When a service is created (a WHMCS order goes active, an admin clicks Create, or the API is called) the module does not try to build everything inside the HTTP request. It writes a service record, returns success to WHMCS immediately, and lets the cron‑driven task queue do the real work.

This is what the customer sees right after ordering — a live deployment splash that polls for progress and refreshes itself:

Deploying — start

Each step is a queued task processed by the cron runner. As steps complete, the bar advances and the recent‑activity feed updates:

Deploying — mid progress

When the last step finishes the page flips to the live control panel:

Deploying — finished

This design makes provisioning resilient to slow panels, SSH timeouts, apt‑get locks and long operations — none of them block the order, and any failed step is simply retried.

The pipeline (Split example)

A Split service is built by a chain of idempotent tasks, roughly in this order:

  1. Create the web package + web user on a Web node.
  2. Add the web domain (and the web account's quota/PHP settings).
  3. Create the mail user + mail domain on a Mail node (with DKIM).
  4. Create the DNS user + zone and deploy the zone to every attached DNS node.
  5. Seed Auto‑SSL so Let's Encrypt issues as soon as DNS resolves.

Unified runs the same idea with one combined account; Vanity runs a trimmed chain (one web account, one mailbox on the shared mail user, one DNS record). Every task is idempotent — re‑running it is safe — so the chain can resume from wherever it stopped.

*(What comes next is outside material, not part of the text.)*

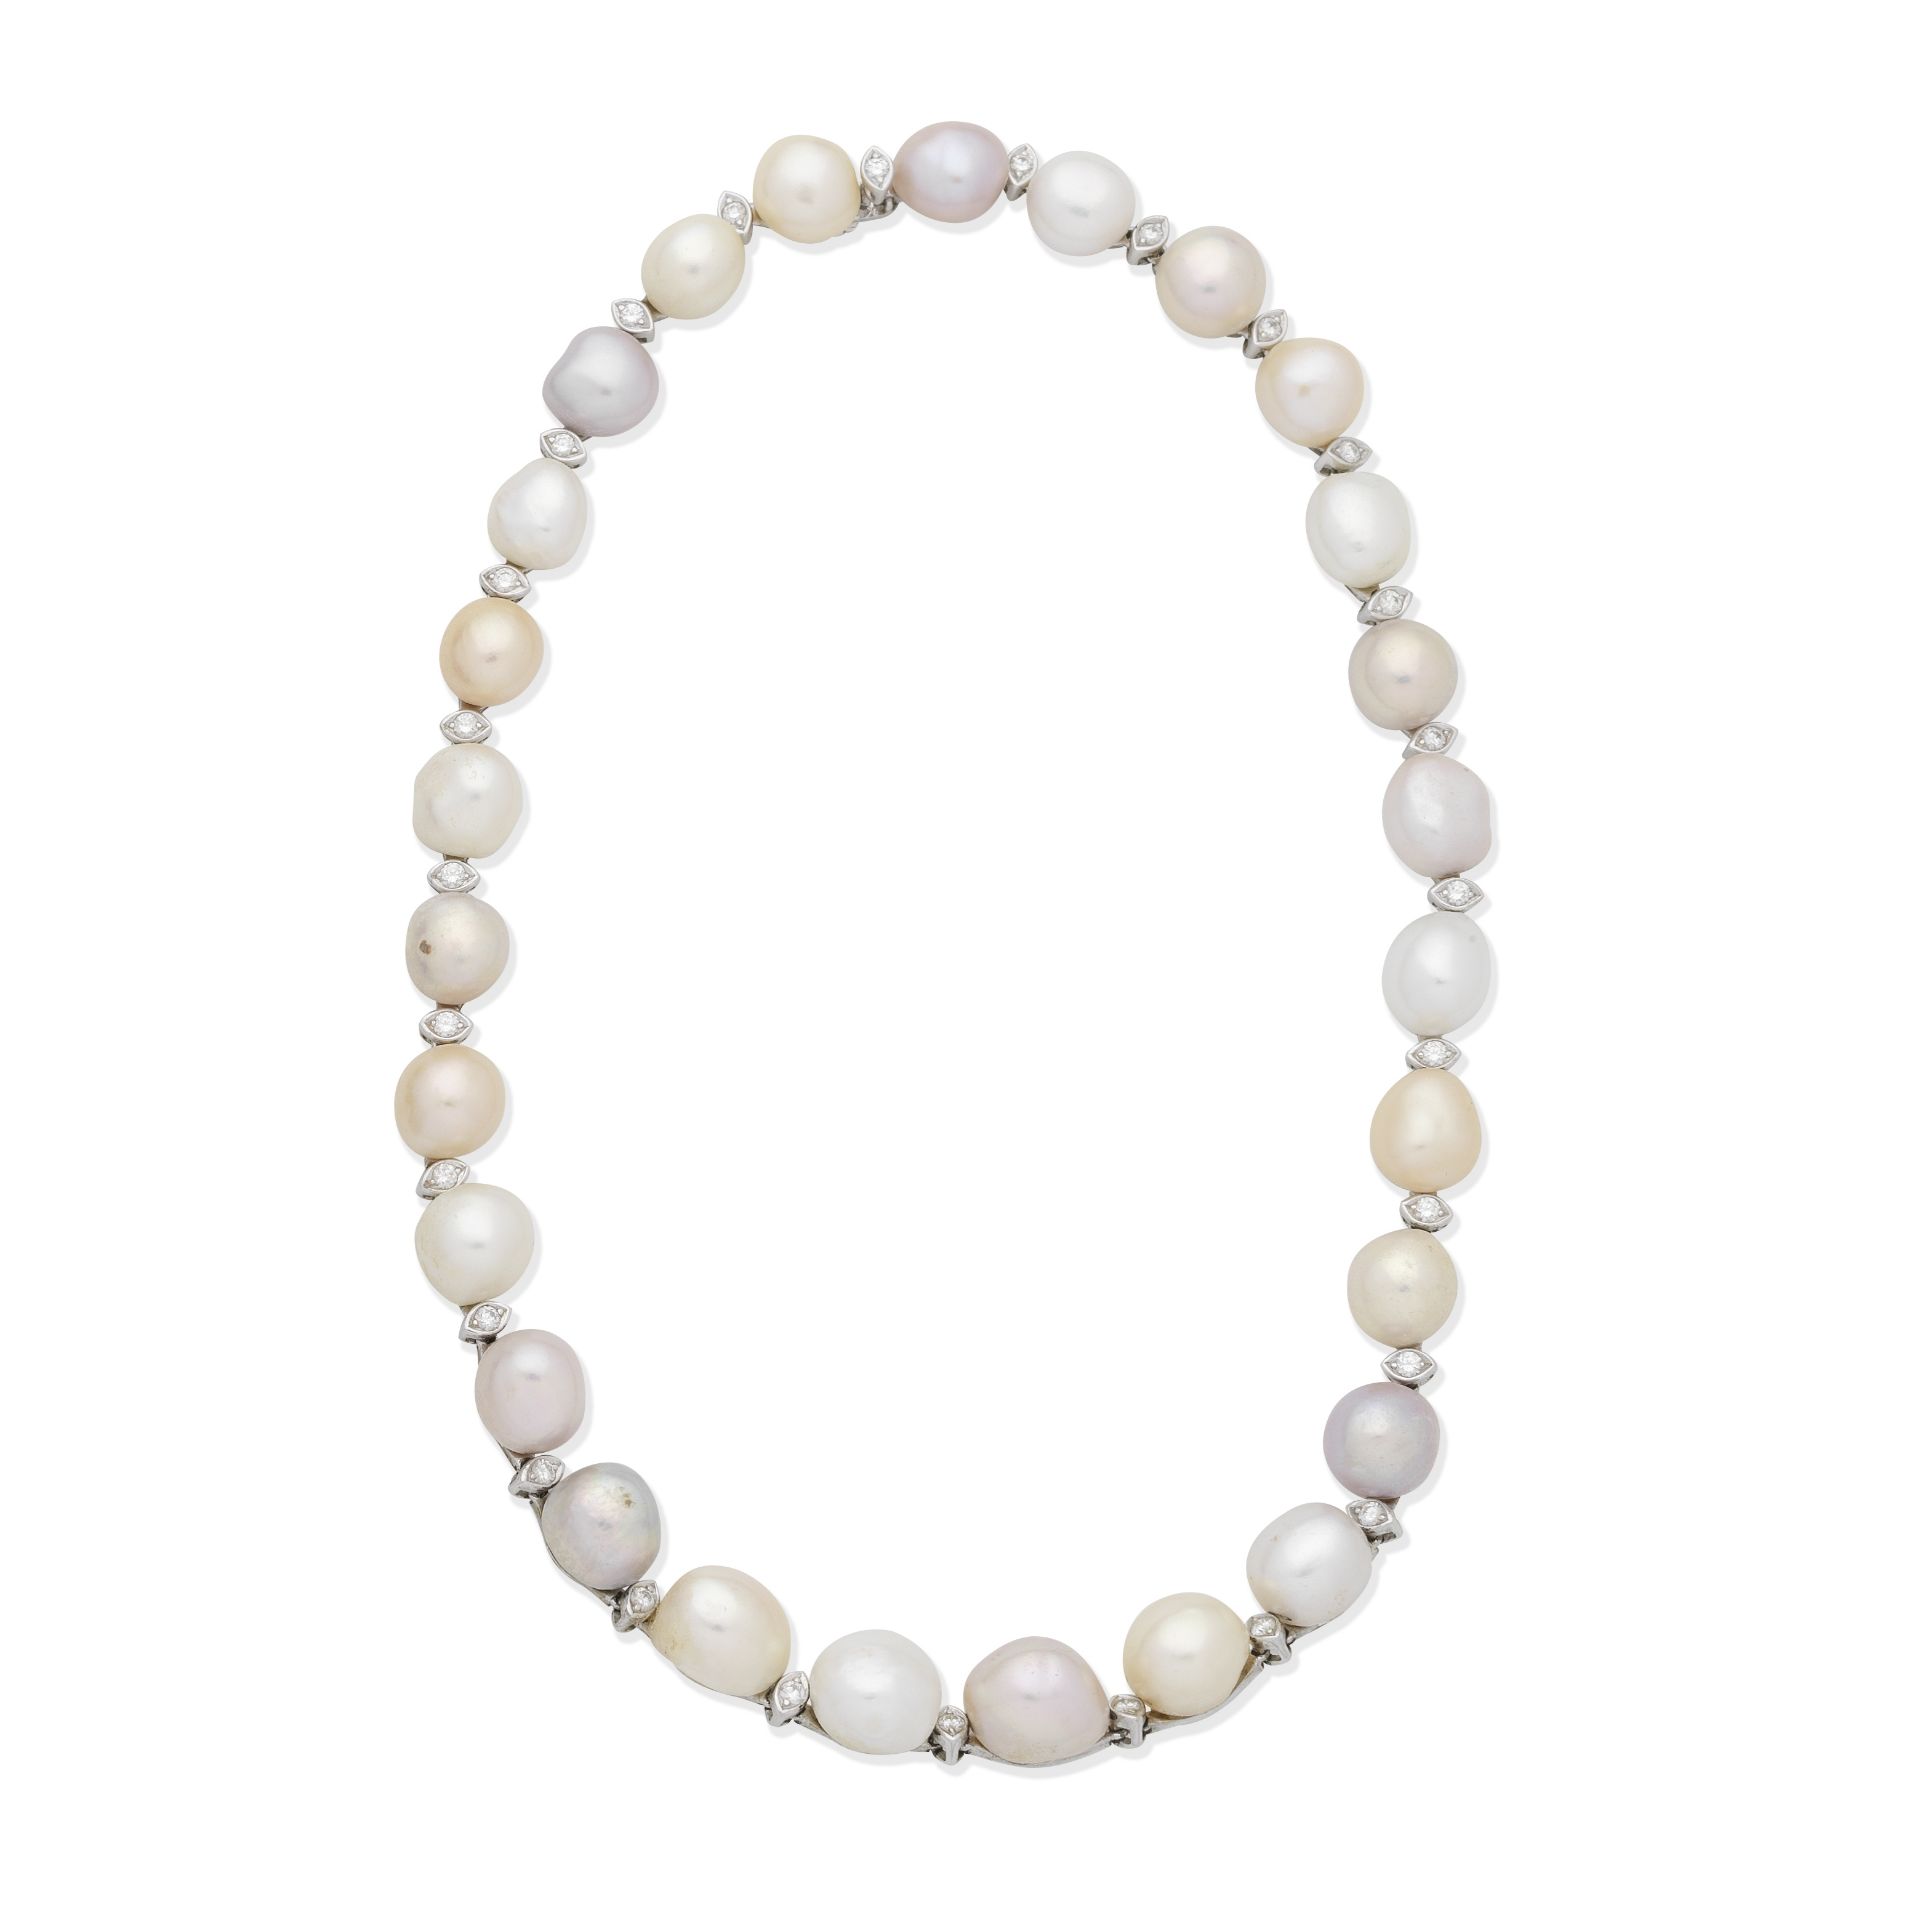 SCHOEFFEL: CULTURED PEARL AND DIAMOND NECKLACE

Watching and driving it from the admin panel

The admin service panel's Deploy tab shows the live deploy status and a full timeline of every task with its duration and result, plus a Redeploy (hard reset) button:

Admin deploy timeline

The Tasks tab lists this service's tasks (action, server, attempts, timestamps); each row opens a detail modal with the streamed SSH log:

Admin tasks tab

Retries, failures and tickets

A failed task is retried with exponential back‑off. Once all attempts are exhausted it is terminally failed, the service shows a deploy error, and — if you enabled it — the module can open a support ticket for your staff. The retry policy and the failure‑ticket behaviour are configured in addon Settings (see Cron & Automation → Task queue, retries & tickets).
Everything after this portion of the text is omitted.